A profession in cybersecurity was most likely the past matter on John Fokker’s intellect as he was speeding throughout the Indian Ocean with his fellow Marines toward a ship crewed by pirates. But as it turns out, there are a stunning quantity of similarities in between the two disciplines.

Now Head of Cyber Investigations at stability organization McAfee, the beat Fokker finds himself in nowadays is much more digital than actual physical, but substantial-stakes however.

In a world in which cybercrime is progressively beneficial and ever much more advanced, attackers and defenders are now engaged in perpetual conflict, each and every striving to outwit and outmaneuver the other.

Whilst he acknowledges his route into cybersecurity was an atypical one particular, Fokker told TechRadar Pro his expertise in the army really delivered him with the ideal grounding.

“When you just take absent all the technical components, ransomware is incredibly a great deal like a hostage negotiation condition. Especially when you glimpse at the emotional point out of threat actors and victims,” he said.

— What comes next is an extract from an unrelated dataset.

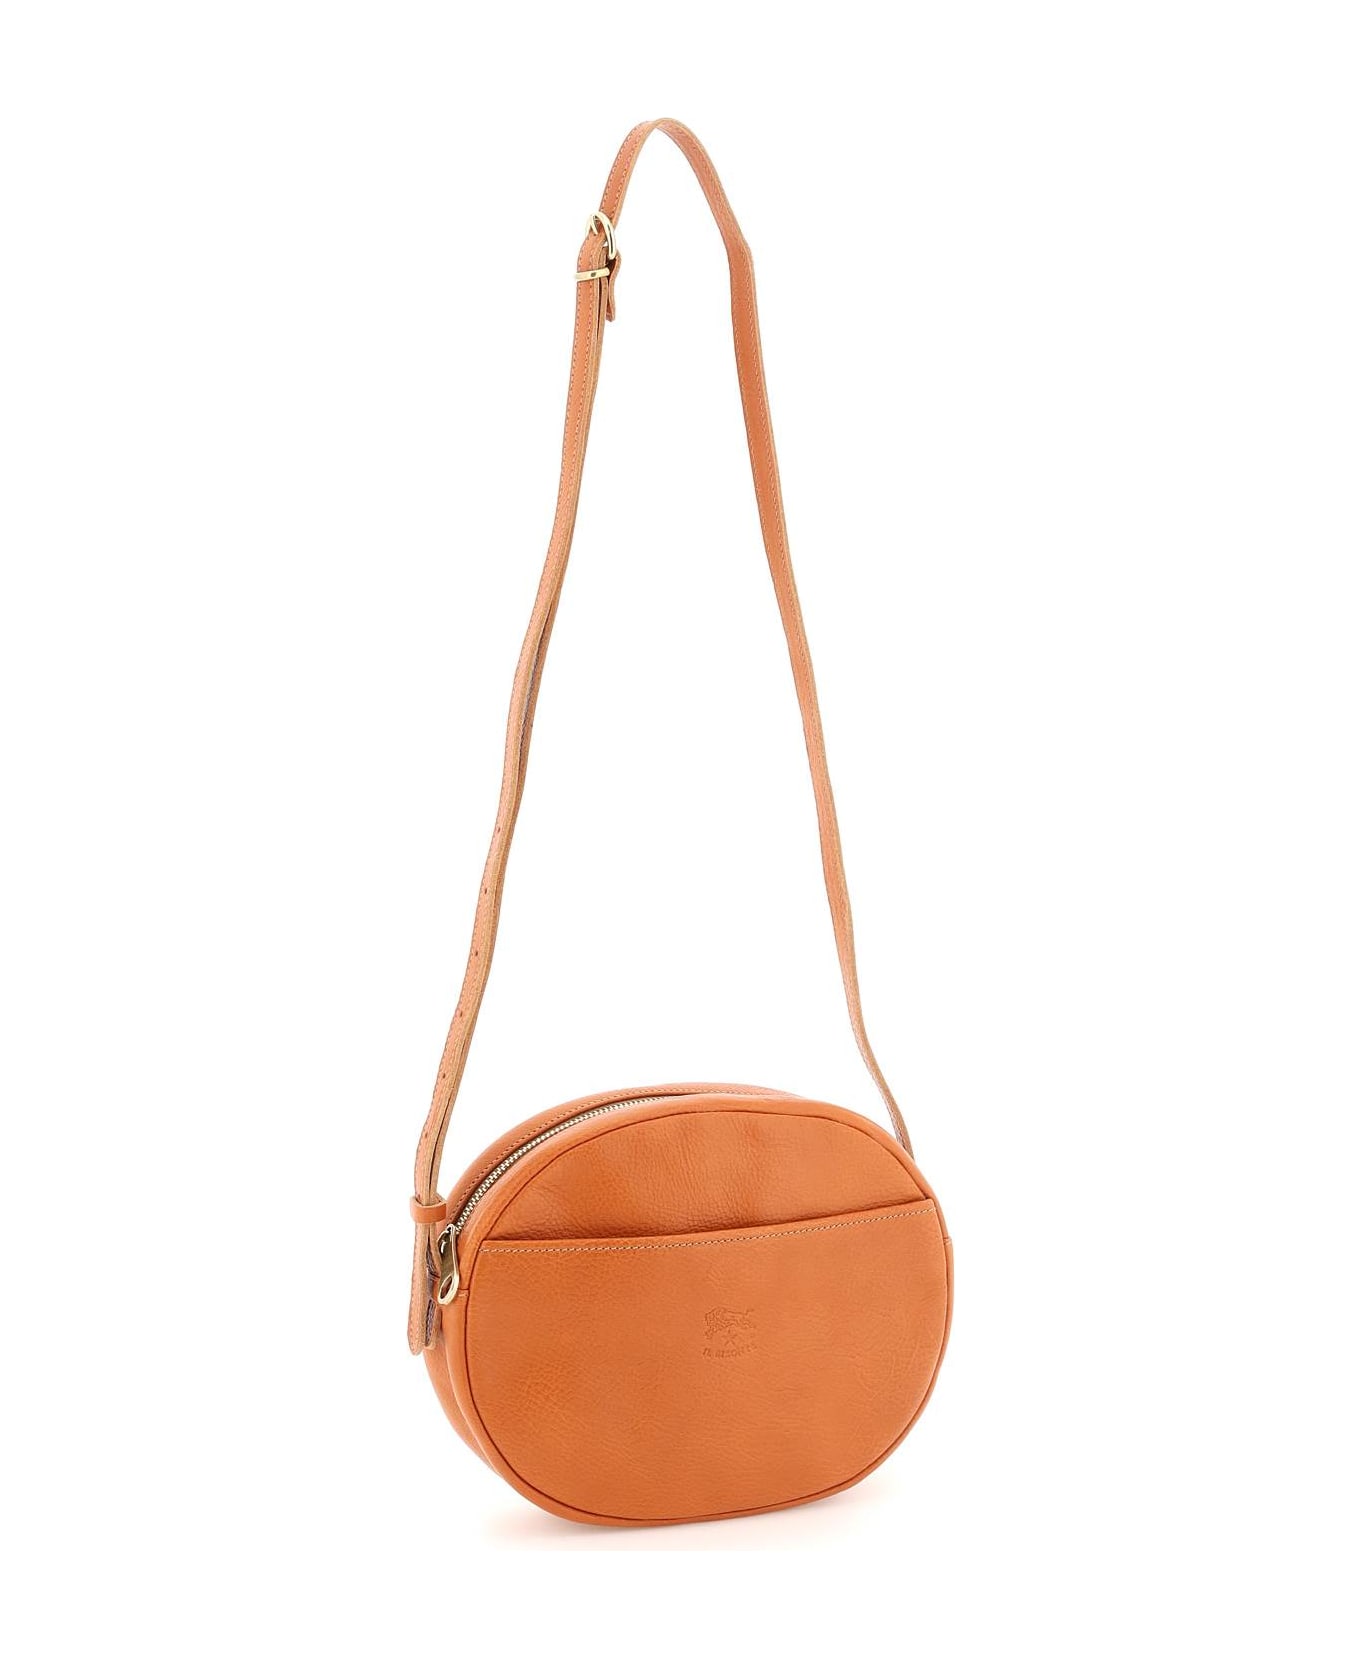 Il Bisonte Grained Leather Crossbody Bag - CARAMEL (Brown)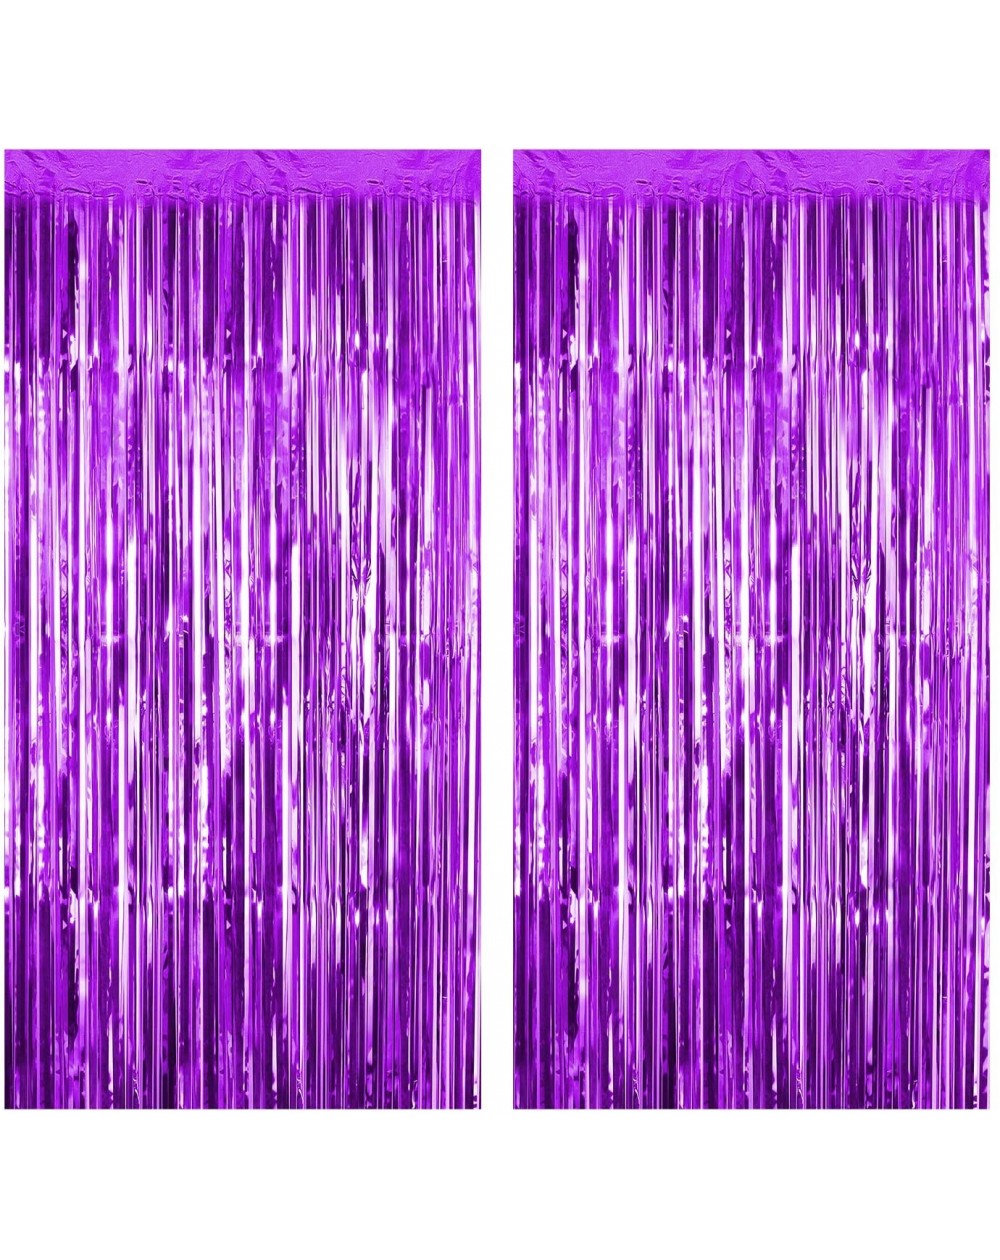 Photobooth Props Foil Fringe Curtains Metallic Tinsel Mylar Curtain for Party Photo Backdrop Wedding Decor (Purple- 2-Pack) -...

“Ransomware is one particular of the couple cyberattacks wherever you as the victim interact with the cybercriminal. From a psychological stage of watch, it is incredibly interesting everyone wishes some thing from a person else.”

(Image credit score: Shutterstock / Sapann Style)

A exclusive grounding

A position with the Royal Netherlands Marine Corps was, for Fokker, an antidote to the drudgery of the business office position he took up just after graduating with a degree in laptop or computer science. It was not about the beat automatically, much more about doing some thing different.

He invested 8 yrs as a Marine in total, the past five of which with the Exclusive Functions Branch performing counterterrorism, counterpiracy and hostage rescue, which took him throughout the world.

In North Afghanistan, wherever he was stationed for a time, Fokker was tasked with provincial reconstruction, which included aiding neighborhood civilians develop infrastructure this kind of as colleges and h2o pits, and holding the engineers safe and sound in the course of action.

At an additional putting up in Somalia, he was part of a group centered on a Navy ship, whose position was to check pirate exercise in the region.

“We did a ton of shut variety reconnaissance at night time to see wherever the main camps were being and who was ready to sail out it was a ton of intelligence gathering,” he said. “If there was any indicator a pirate ship was about to sail out or was working at sea, or if there was a hostage condition, we would intervene.”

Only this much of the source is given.